I have a infinite python-watchdog process (daemonized with supervisor
) that trigger new events when files are created within a folder.
On the other side is a asyncio queue, with 3 consumers only, waiting for new messages of created files (consumers then upload the files to a server).
The code below works, but is sequential, and I just don't understand why (despite the many documentation I read about asyncio).
main.py (daemonized):
paths_observer = PathsObserver()
if __name__ == "__main__":
paths_observer.start()
try:
while paths_observer.is_alive():
paths_observer.join(1)
except KeyboardInterrupt:
paths_observer.stop()
paths_observer.join()
pathobserver.py (simplified, used to record which folders to watch):
from watchdog.observers import Observer
class PathsObserver(Observer):
def observe_folder(self, folder_path: str) -> None:
event_handler = DataFileHandler(path=folder_path)

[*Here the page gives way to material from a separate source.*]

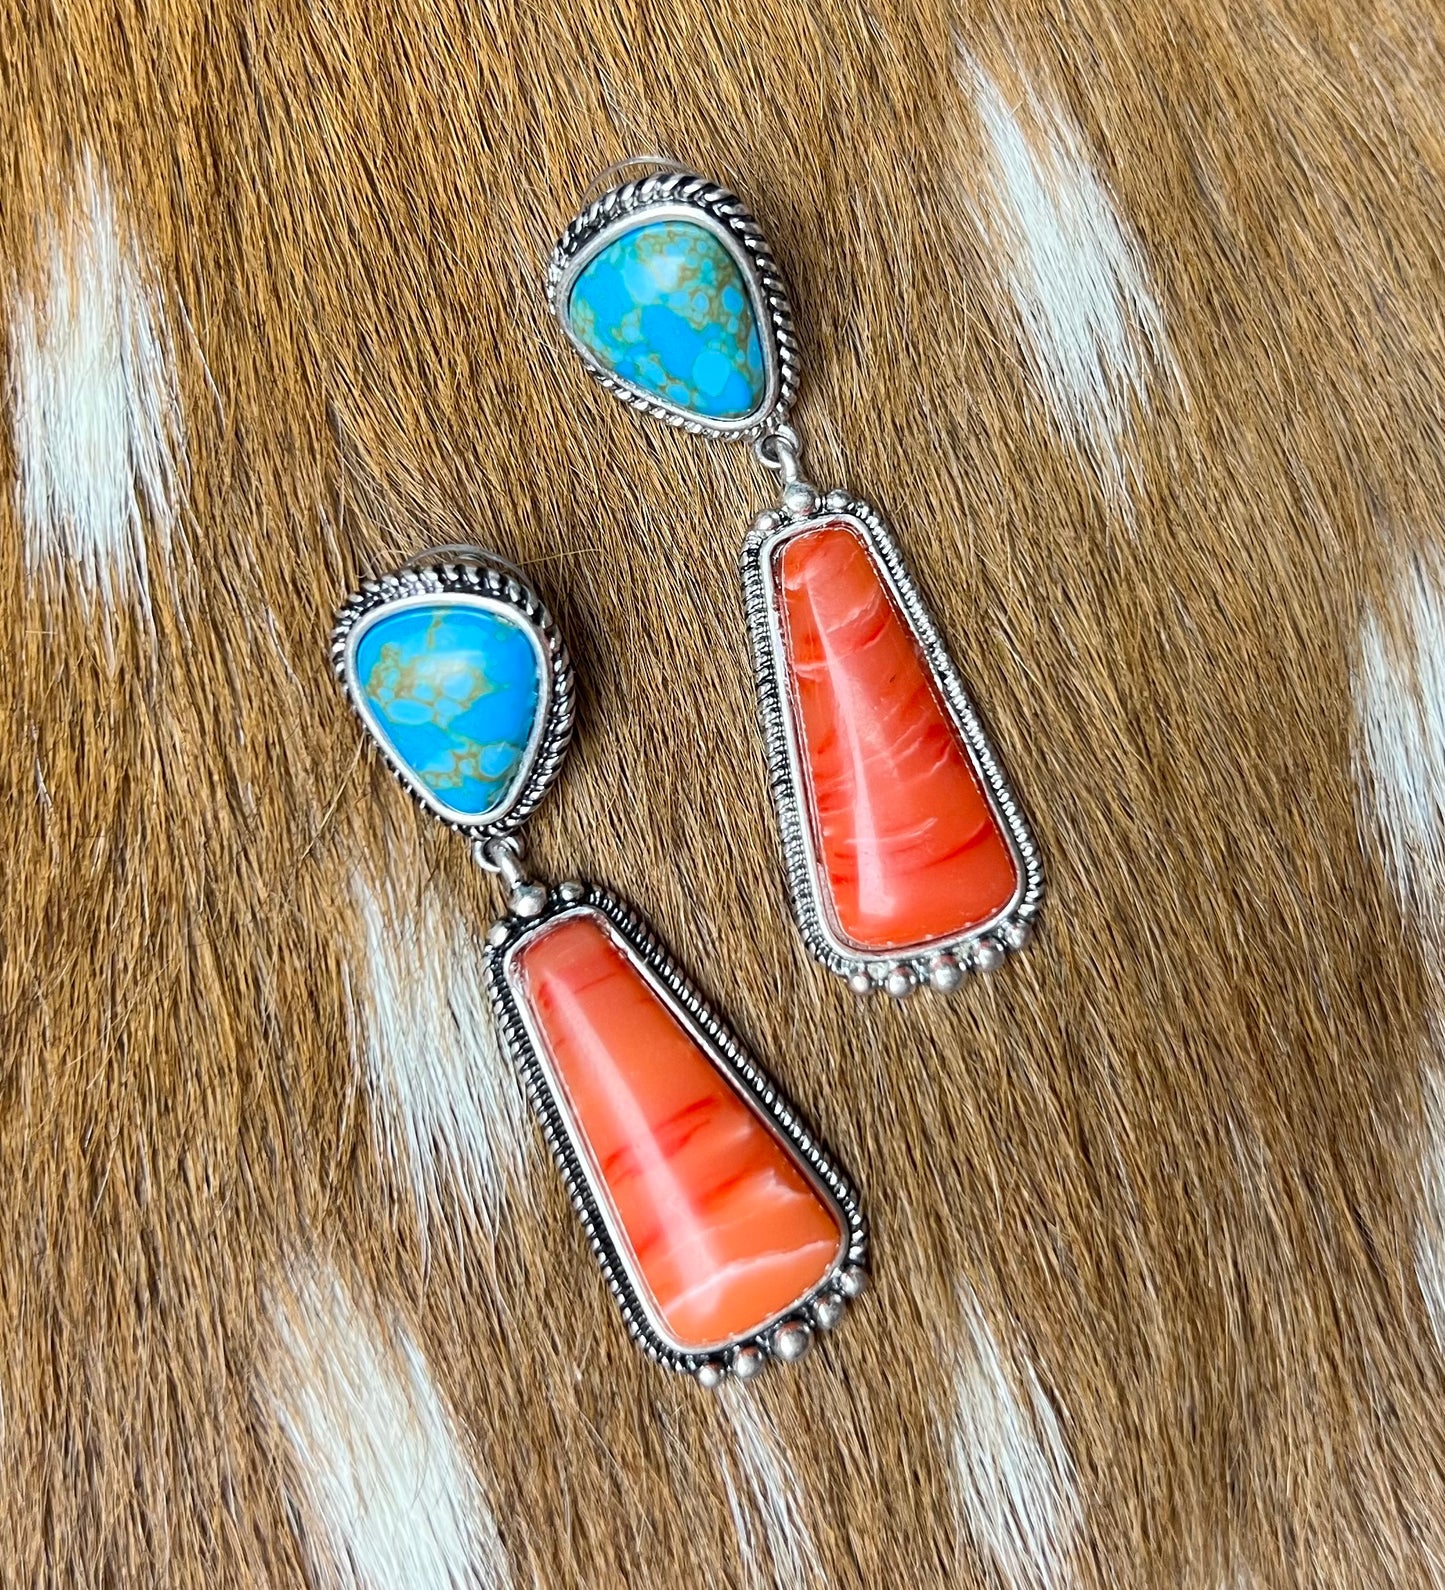 Orange and Turquoise Marbled Gallup Earrings

watch = self.schedule(event_handler, folder_path, recursive=True)
filehandler.py: note the import of the scheduler
from watchdog.events import FileCreatedEvent, FileSystemEventHandler
from .scheduler import scheduler
class DataFileHandler(FileSystemEventHandler):
def on_created(self, event):
scheduler.prepare_and_upload(event.src_path)
scheduler.py:
MAX_TASKS = 3
class UploadScheduler(object):
def __init__(self):
self._loop = asyncio.get_event_loop()
self._queue = asyncio.Queue(0, loop=self._loop)
self._consumers = [asyncio.ensure_future(self._consumer(self._queue)) for _ in range(MAX_TASKS)]
async def _consumer(self, queue):
while True:
file_path = await queue.get()
await <do some stuff with file_path>
queue.task_done()
async def _producer(self, file_path):
await self._queue.put(file_path)
def prepare_and_upload(self, file_path):
self._loop.run_until_complete(self._producer(file_path))
scheduler = UploadScheduler()
If I remove self._loop.run_until_complete
, tasks aren't fetch by consumers, and a message says the producer
hasn't been waited. If I put self._queue.put_no_wait(file_path)
in a non-async func, consumer jobs don't get started either.
I am doing something wrong ?
What I expected: when multiple files are created, a bunch a new producers are being called. And since consumers take a bit of time to upload everything, they slowly catch up. And the whole thing stays, and wait for new files to upload.